Proposal: Squeak-E = Squeak x Kernel-E

Robert Withers rwithers12 at attbi.com
Tue Jan 28 14:05:22 UTC 2003


On Tuesday, January 28, 2003, at 03:36 AM, cg at cdegroot.com wrote:

> Robert Withers <squeak-dev at lists.squeakfoundation.org> said:
>> Actually, let's define Array first.  ;-)
>>
> Good idea.

I had thought so, but...   :)

>
>> Array is the name for a object of class Class.  Global refers to the
>> visibility of that named binding inside of the parser and stack.   The
>> key is that it is the naming system, within Smalltalk.
>>
> In fact, Array is two names: the 'intrinsic' name of the class, and the
> name for a binding to find the class. We're interested in the latter 
> bit
> here.

Right on.  As an aside, how is the first distinction useful?

>
>> A compiler's access to names should be scoped to the context it
>> operates in.  That context is the Class instance, and it's
>> superclasses.    An import of name scopes is the typical way that a
>> class can get to other names.
>>
> Why the compiler?

I had it going so nicely and then I mentioned the compiler.  Darn it.  
Let's replace 'compiler' with object, as you say.

> With the whole, err, 'war' on dynamic scoping raging on
> in the other thread between Stephen and Avi ;), I think there's enough
> complexity already. Can we leave out the compiler for now?
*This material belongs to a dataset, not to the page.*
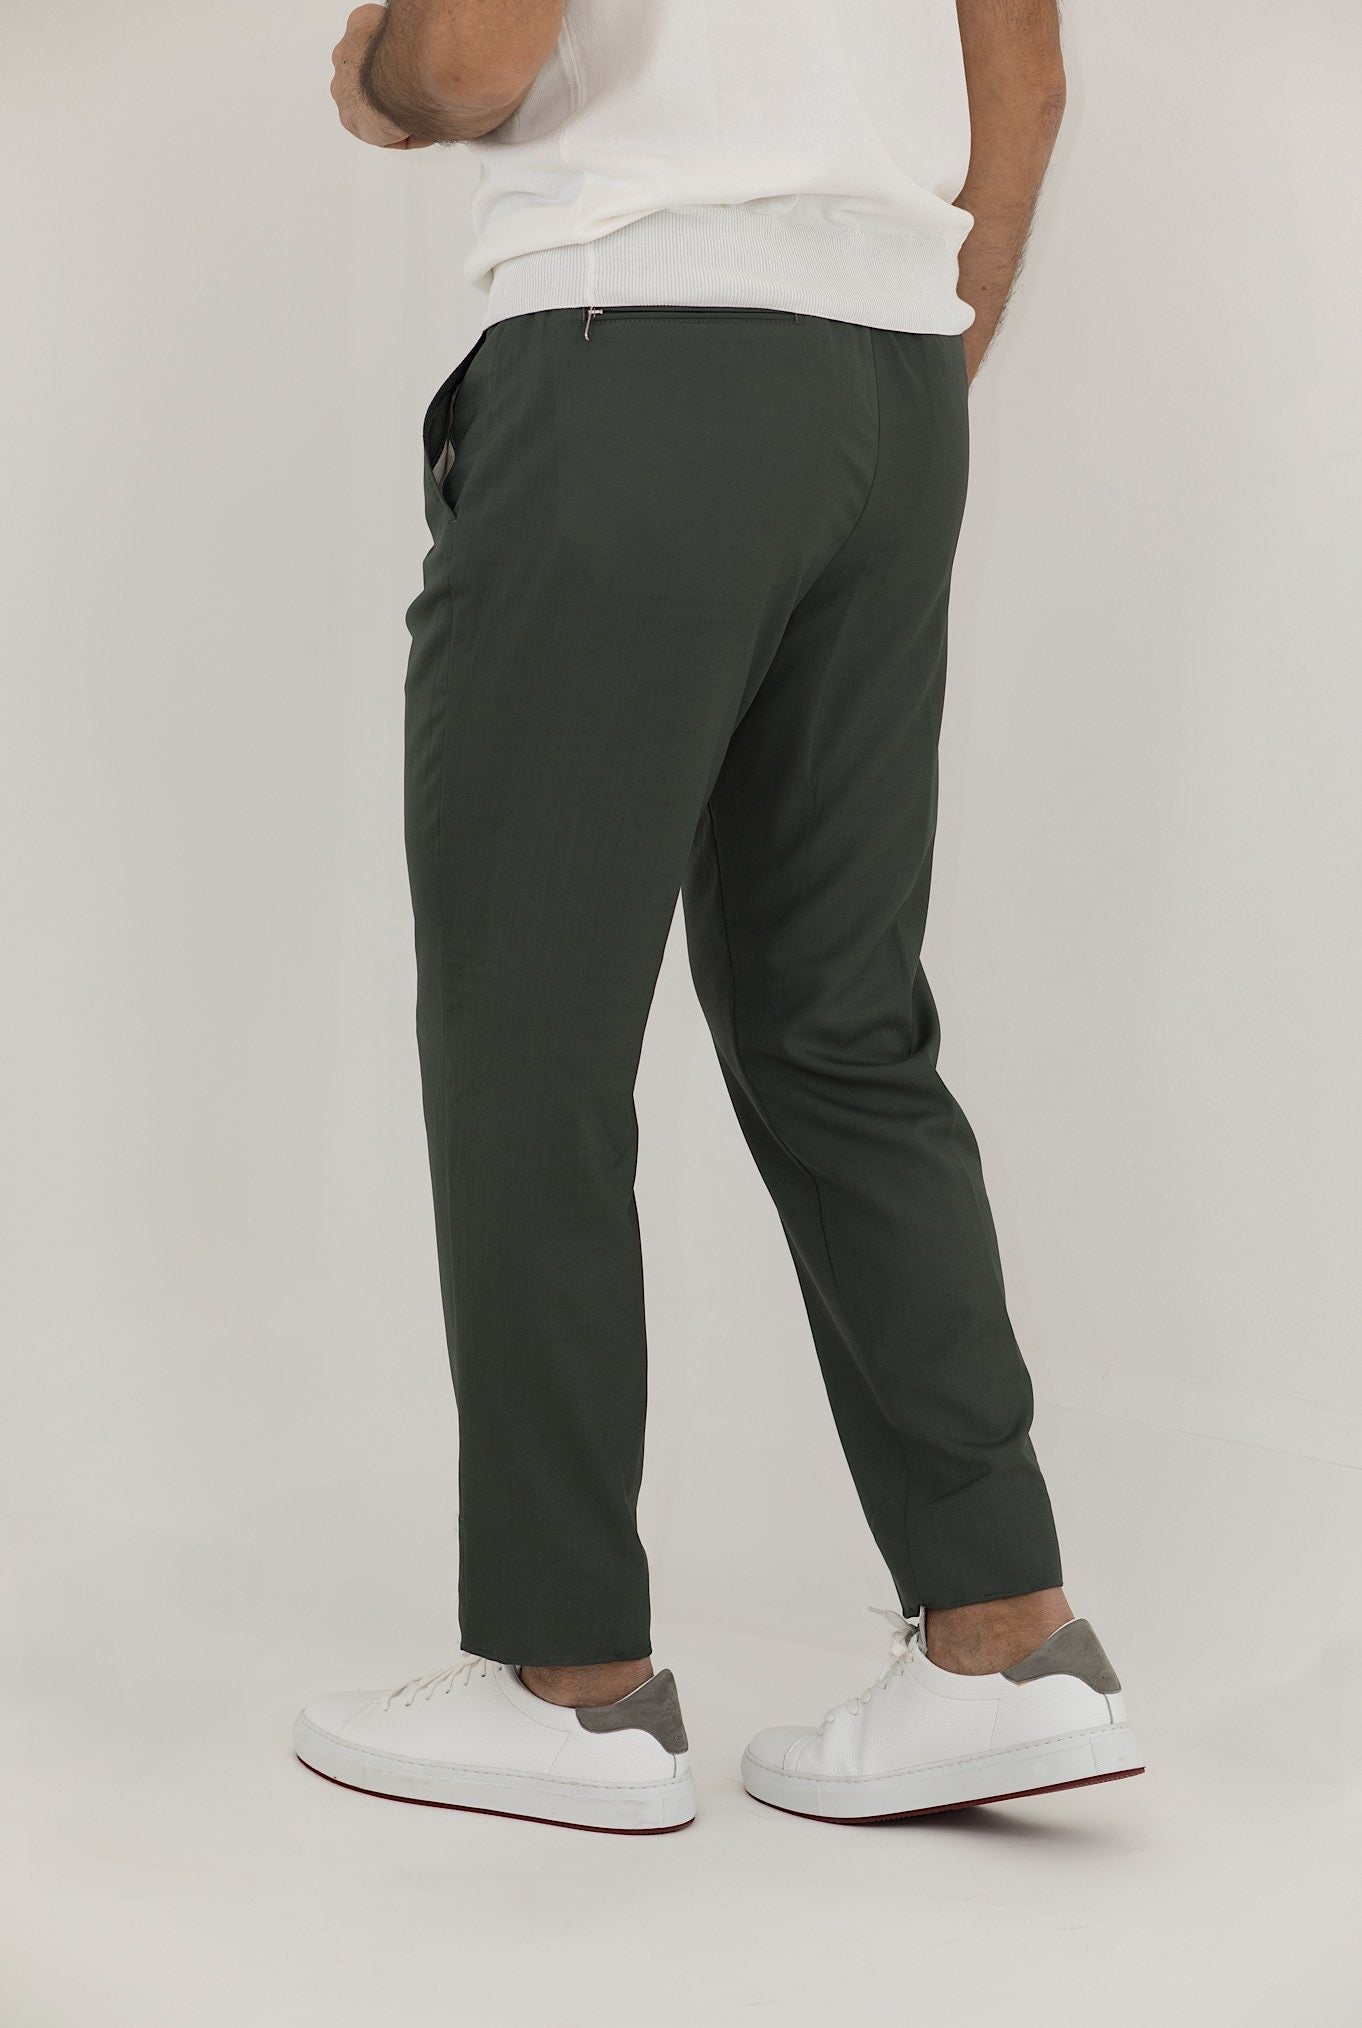 MARCO PESCAROLO Olive Green Wool and Silk Drawstring Trousers

We can.  There is no static typing we want to do, so any deferred 
discussion of the compiler would involve generation of primitive 
methods.

> AFAIK,
> external (class) references are stored in compiled method in a form 
> that
> makes late binding possible, so - again AFAIK - we can play every trick
> we want.

We should find out how this binding is represented and resolved.  It's 
a bunch of new terminology...

>
> What I really want to concentrate on is what is the best way of scope
> for a Squeak with the capabilities of E (pun intended):
> 1. Global (Squeak)
> 2. Per process (Stephen)
> 3. Stack visibility (Avi)
> 4. Per object
> 5. Static

Nice!

>
> 4. is an alternative where the sender contains the scope. I'm not sure
> it is useful, I'm just trying to make a complete list of alternatives
> here. Seems a bit mundane compared with the high-flying discussions
> we've been seeing here on the list, but somehow I feel that the best
> approach here is strip terminology, list alternatives, and make a 
> choice
> ;-)

I had to think about this a little bit, and reassure myself that it is 
the sender that contains the scope.   In fact it is the class, or the 
meta, of the sender, which determines the scope, is it not?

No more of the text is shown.